▶ _DATA SHOWN_
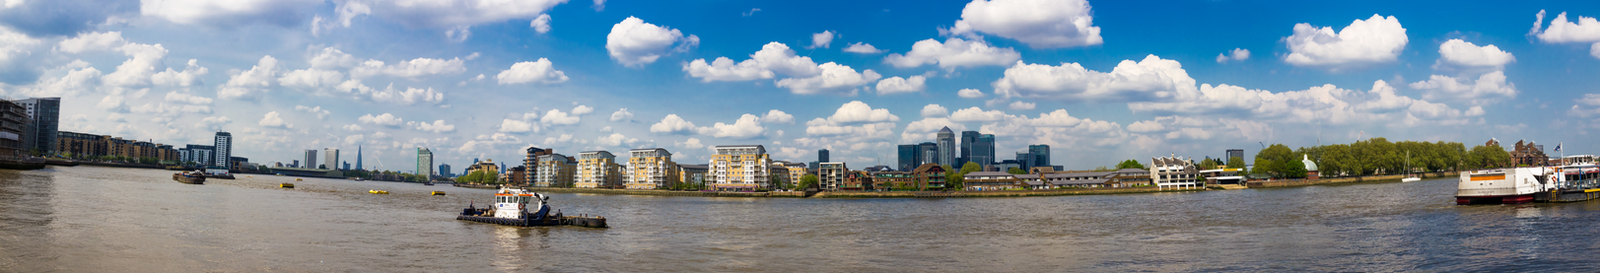 Greenwich Riverside by PixelPandaa
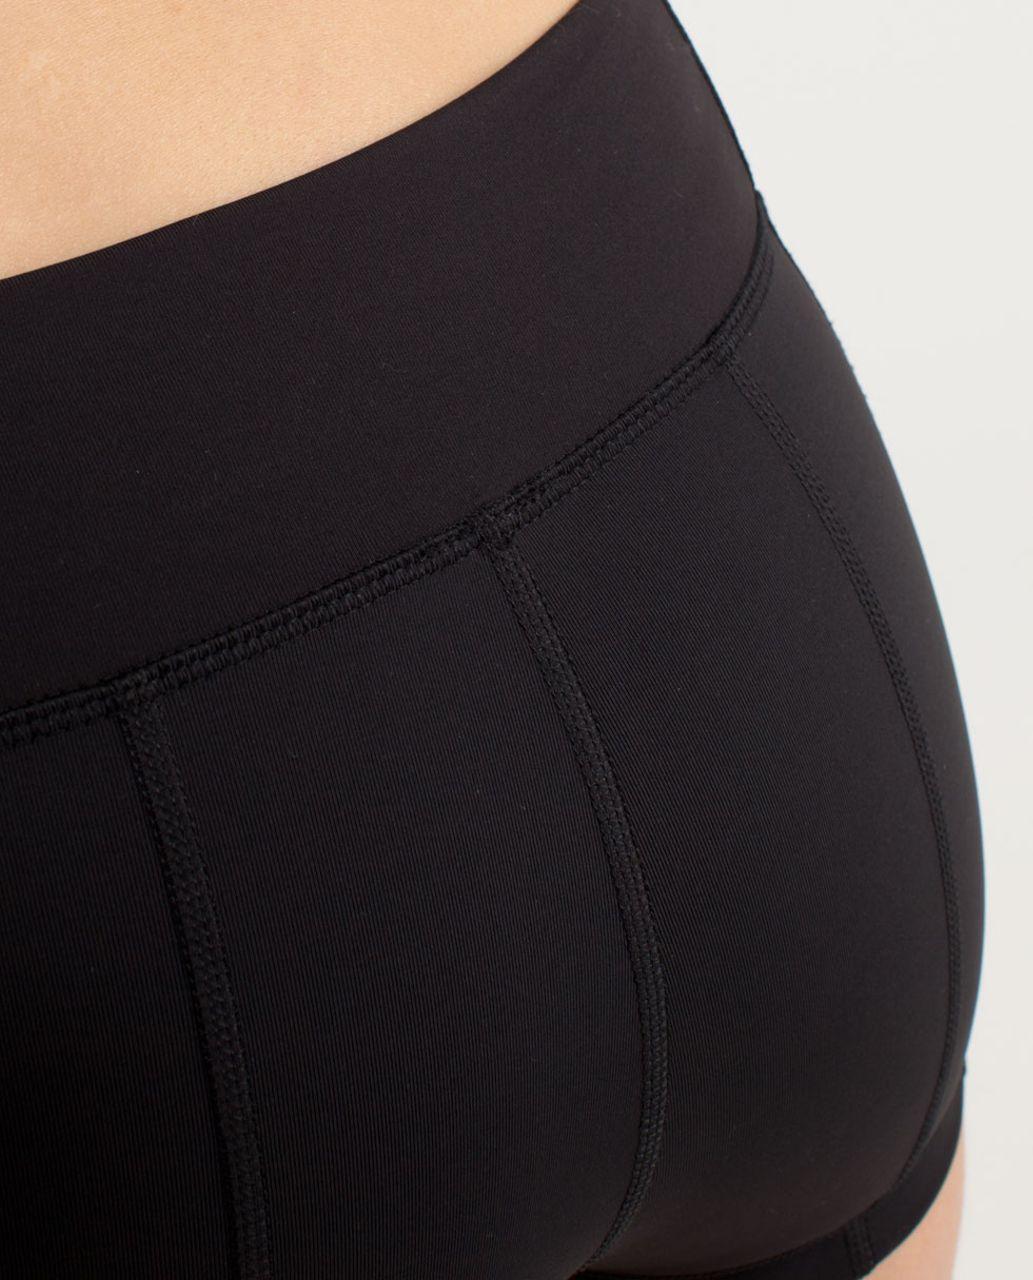 Lululemon Hot 'N Sweaty Short - Black
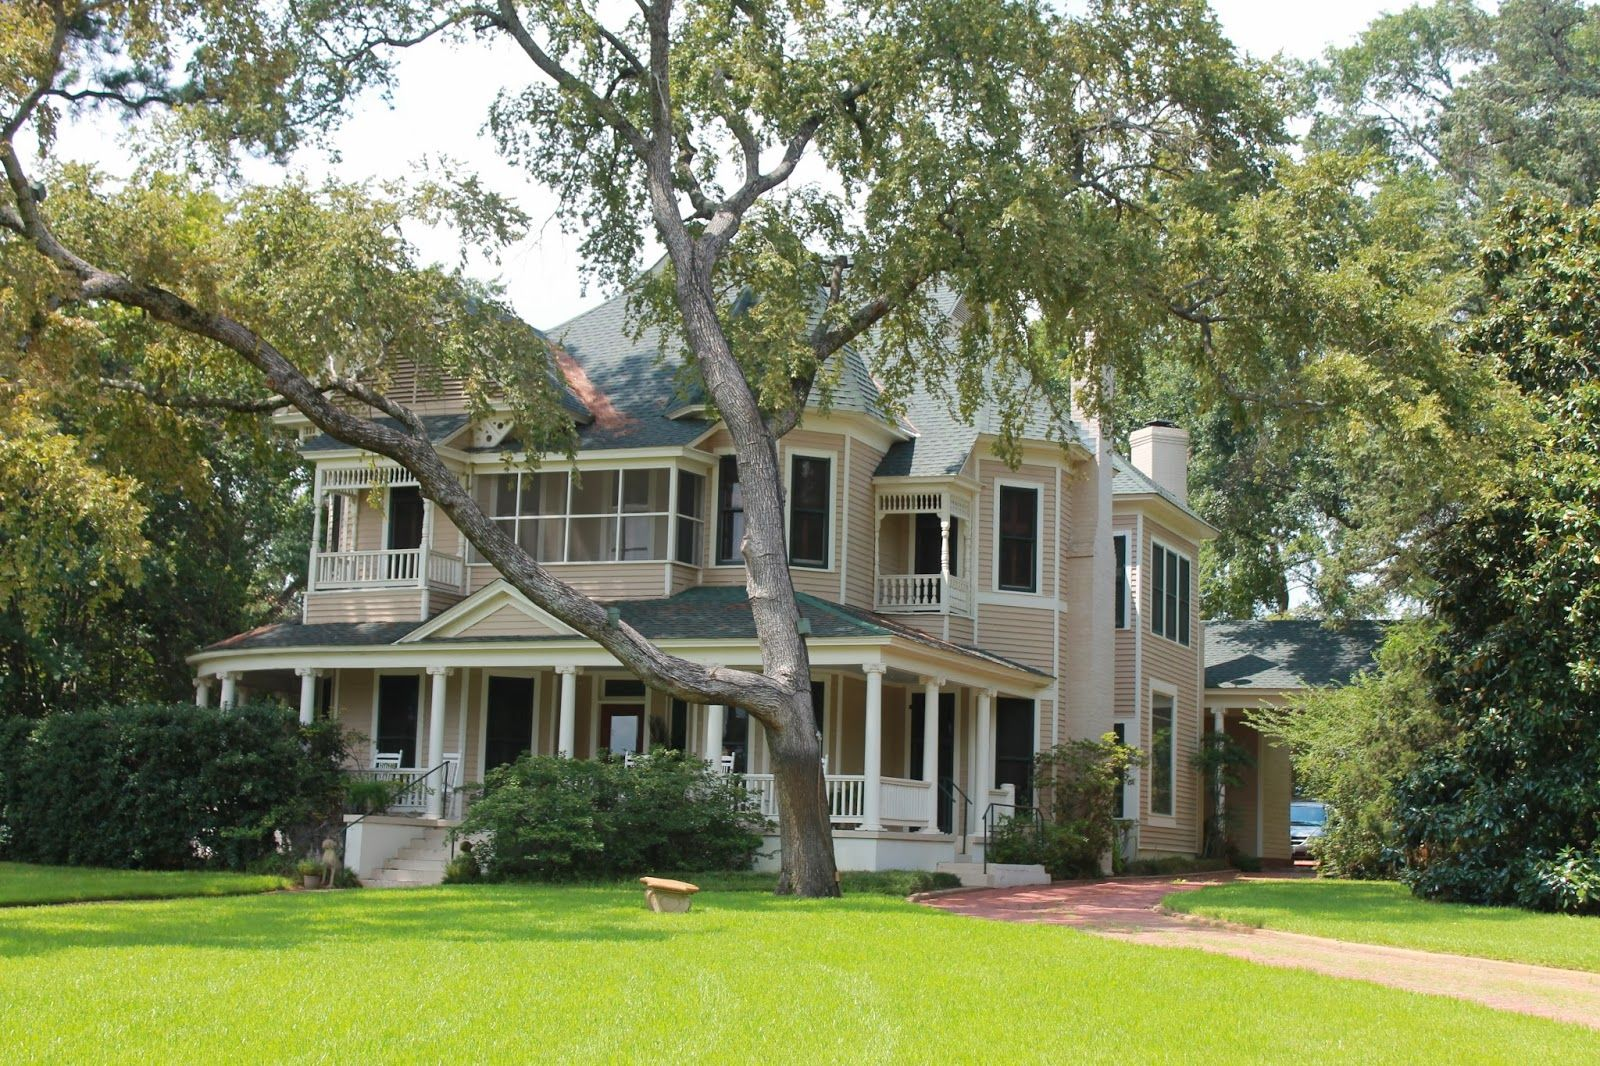 historic home in palestine texas lone star historian 2 january rh pinterest com

▶ _ASSIGNMENT_
Return the whole listing exactly, minus its pictures.

▶ _RESPONSE FOR THIS EXERCISE_
 Greenwich Riverside by PixelPandaa
 Lululemon Hot 'N Sweaty Short - Black
 historic home in palestine texas lone star historian 2 january rh pinterest com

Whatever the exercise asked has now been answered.